Cinici, disillusi e sempre abilissimi con spade e moschetti, saranno richiamati all’avventura dalla Regina Anna (Margherita Buy) per salvare la Francia dalle trame ordite a corte dal perfido Cardinale Mazzarino (Alessandro Haber), con la sua cospiratrice Milady (Giulia Bevilacqua). 

Affiancati nelle loro gesta dall’inscalfibile Servo muto (Lele Vannoli) e da un’esuberante Ancella (Matilde Gioli), i quattro – in sella a destrieri più o meno fedeli – combatteranno per la libertà dei perseguitati Ugonotti e per la salvezza del giovanissimo, parruccato e dissoluto Luigi XIV (Marco Todisco). Muovendosi al confine tra realtà e fantasia, i nostri si spingeranno fino a Suppergiù, provando a portare a termine un’altra incredibile missione. Difficile dire se sarà l’ultima o la penultima.

MOSCHETTIERI DEL RE FILM 2018: INTERVISTA A GIOVANNI VERONESI

Quando ha iniziato a pensare a questo film e che cosa le stava a cuore raccontare?
L’idea risale a tanto tempo fa, volevo girarlo già negli anni ‘80 dirigendo Francesco Nuti, Roberto Benigni, Massimo Troisi e Carlo Verdone. È un progetto che ho portato sempre con me, perché mi è sempre piaciuta l’idea di raccontare i Moschettieri di Dumas come una sorta di supereoi del passato. Finalmente l’anno scorso ho trovato dei produttori di larghe vedute come i dirigenti di Indiana Production e di Vision, che mi hanno lasciato carta bianca per girare esattamente quello che volevo e come volevo e per scritturare nei ruoli principali quattro attori fantastici come Pierfrancesco Favino (D’Artagnan), Valerio Mastandrea (Porthos), Rocco Papaleo (Athos) e Sergio Rubini (Aramis). I protagonisti hanno tutti 55-60 anni e appaiono attempati, arrugginiti, pieni di acciacchi e disillusi ma sono costretti a tornare in sella a un cavallo e a riprendere le armi perché la loro regina Anna d’Austria (Margherita Buy) li richiama a Corte per una missione segreta da intraprendere all’insaputa del perfido e mellifluo cardinale Mazzarino (Alessandro Haber). Il film è ispirato al secondo romanzo di Dumas sui Moschettieri intitolato Venti anni dopo ma non ha l’ambizione di esserne una trasposizione fedele, la vera protagonista del nostro film è la fantasia, come si scoprirà alla fine con un colpo di scena, un capovolgimento di prospettiva che aiuterà a comprendere meglio perché mi interessava portare in scena questa storia e cioè l’opportunità di far riferimento alle problematiche religiose che devastavano l’Europa nel ‘600 e continuano a devastarla in modo diverso oggi. Il ‘600 è stato un secolo piuttosto trascurato dalla storiografia, io per primo ne sapevo molto poco ma sono stato aiutato in modo decisivo nelle ricerche e nella documentazione da un esperto della materia come il professor Nicola Baldoni che poi ha firmato con me la sceneggiatura del film.

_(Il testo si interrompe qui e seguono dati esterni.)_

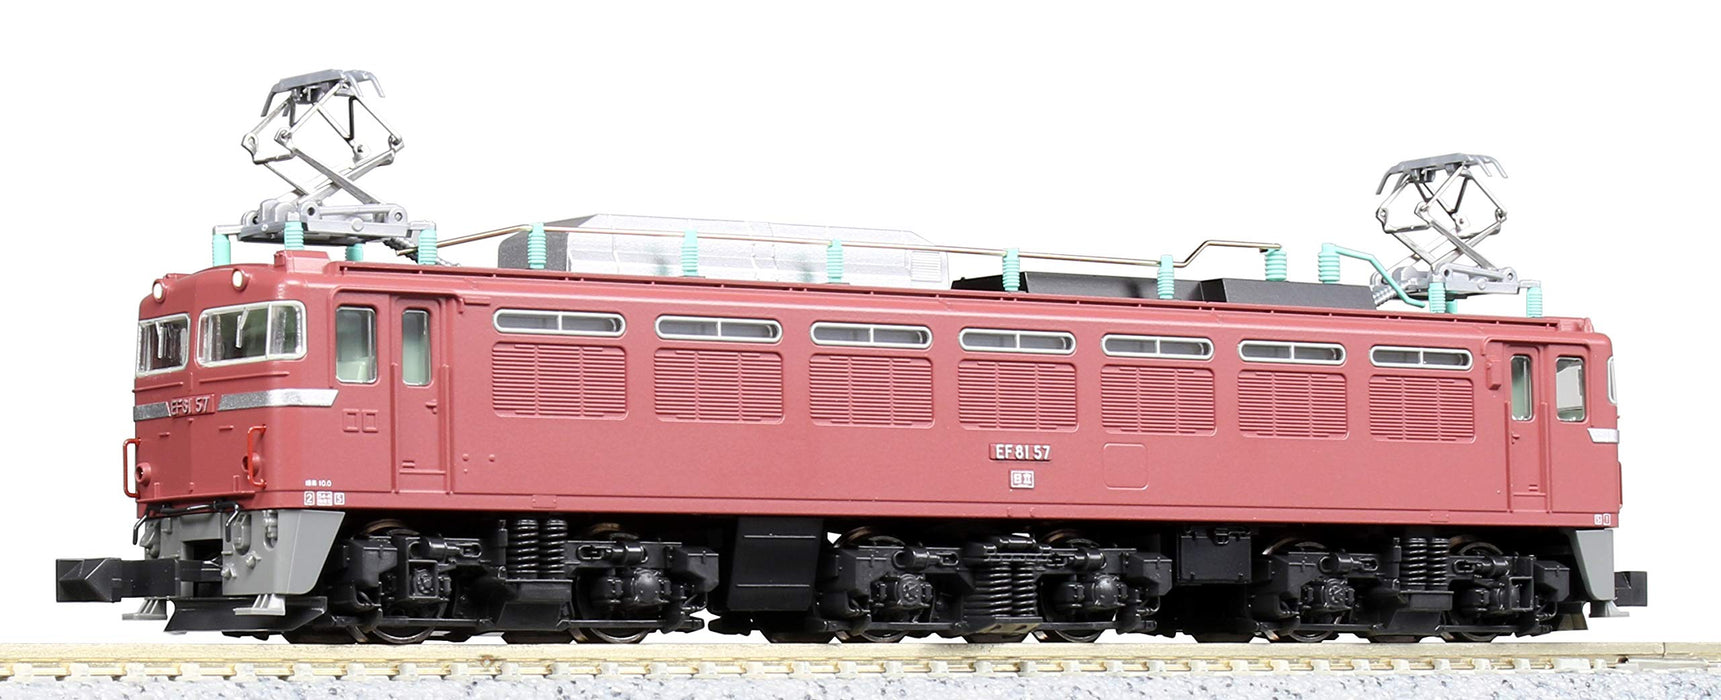 Kato N Gauge 3066-1 Electric Locomotive Model - Ef81 General Color
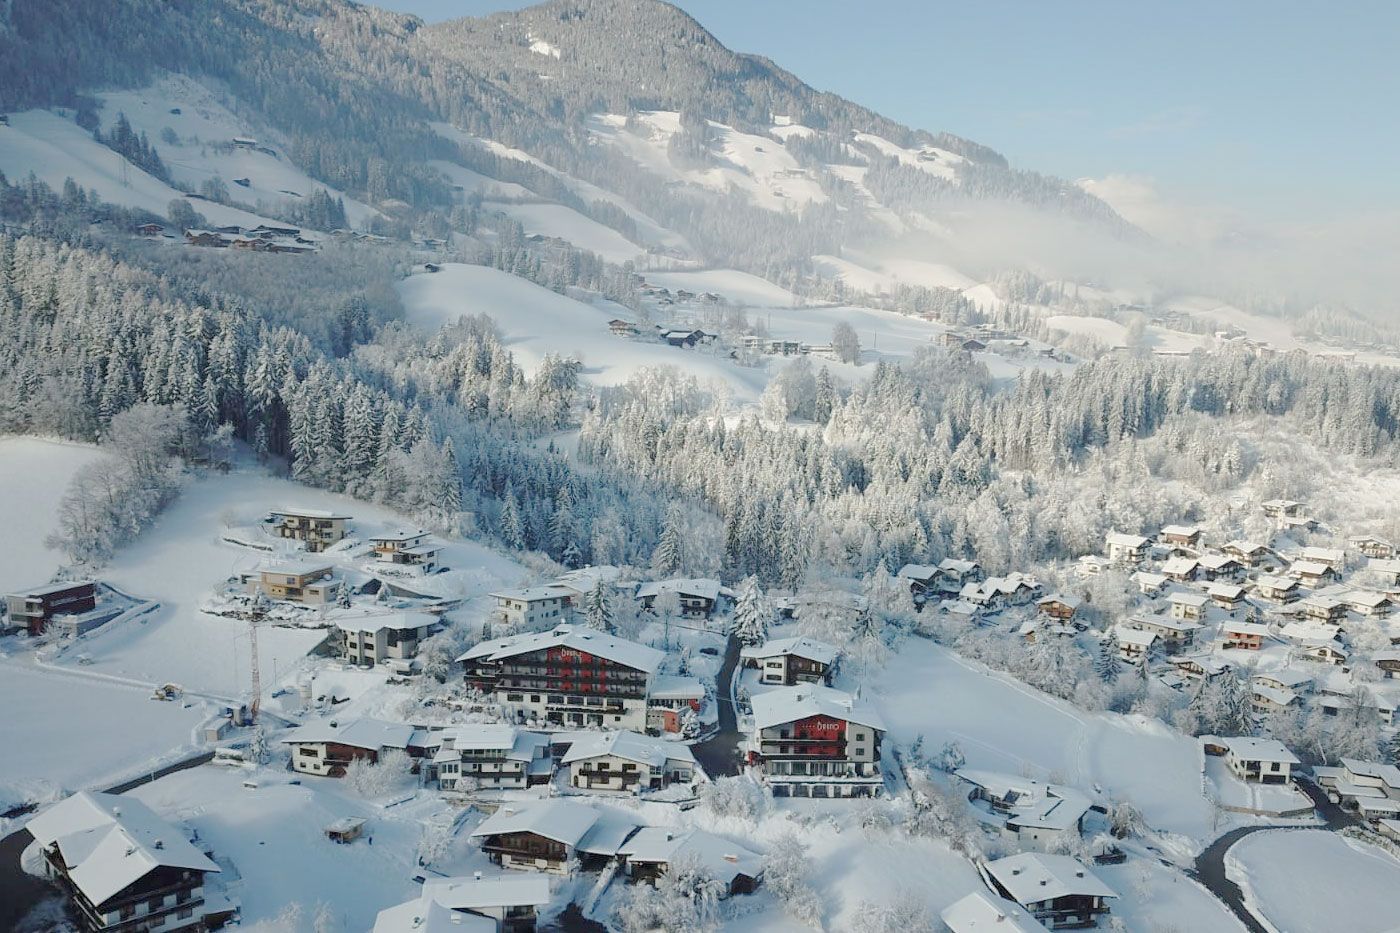 Winter Holidays in the Hotel Bruno, Fügen in the Zillertal

Può descrivere meglio quello che si vedrà in scena?
I Moschettieri vengono richiamati in azione dalla Regina Anna per salvare la Francia dalle trame ordite a Corte dal perfido Cardinale Mazzarino (Alessandro Haber) con la sua altrettanto perfida cospiratrice Milady (Giulia Bevilacqua) e si muovono nelle loro nuove avventure come veri e propri agenti segreti, come se fossero una specie di James Bond dell’epoca mossi da amor patrio. Nel corso del racconto riusciremo finalmente a sfatare la leggenda dei cavalieri “spadaccini provetti”: in realtà lo era soltanto D’Artagnan, gli altri tre, invece, erano dei tiratori scelti, appartenevano a un Corpo speciale del Re e venivano mandati in avanscoperta per uccidere, sparando con moschetti a canna lunga sui convogli dei nemici da distanze proibitive. Il film vede i quattro protagonisti in azione mentre preparano la forcella, appoggiano il moschetto e aspettano pazienti il nemico. Durante le lunghe attese e la convivenza forzata, conversano tra loro rinsaldando i loro rapporti e le loro radici. Ormai sono tutti piuttosto in là con gli anni, ognuno di loro è stato richiamato in attività mentre era ormai praticamente in pensione e dedito ad attività completamente diverse: D’Artagnan è uno sgrammaticato allevatore/commerciante di bestiame; Athos è un vecchio nobilastro lussurioso pieno di debiti che vive in un castello; Aramis si è rinchiuso in un convento ed è diventato un abate, Porthos è un “drogato perso” che si è ritirato nella campagna francese e coltiva le erbe che gli permettono di ottenere il laudano, un liquido allucinogeno molto amaro a base di oppio, zafferano e lacrime di coccodrillo…”.

Come prosegue l’impresa?
Va avanti uno step dietro l’altro come se fossimo in un film di Supereroi, i quattro combatteranno per la libertà degli Ugonotti, i protestanti dell’epoca perseguitati e torturati dai potenti di Francia per convertirli a suon di botte e per la salvezza del giovanissimo e dissoluto erede al trono Luigi XIV. Gli Ugonotti erano i commercianti più abili in circolazione, utili e necessari allo Stato perché erano gli unici a pagare le tasse, a differenza dei nobili e del clero e così, anziché essere spinti a lasciare il Paese, venivano convinti ad abbracciare la religione cattolica attraverso le torture decretate da una Chiesa spietatissima e di strateghi sulfurei come Richelieu e il suo erede Mazzarino.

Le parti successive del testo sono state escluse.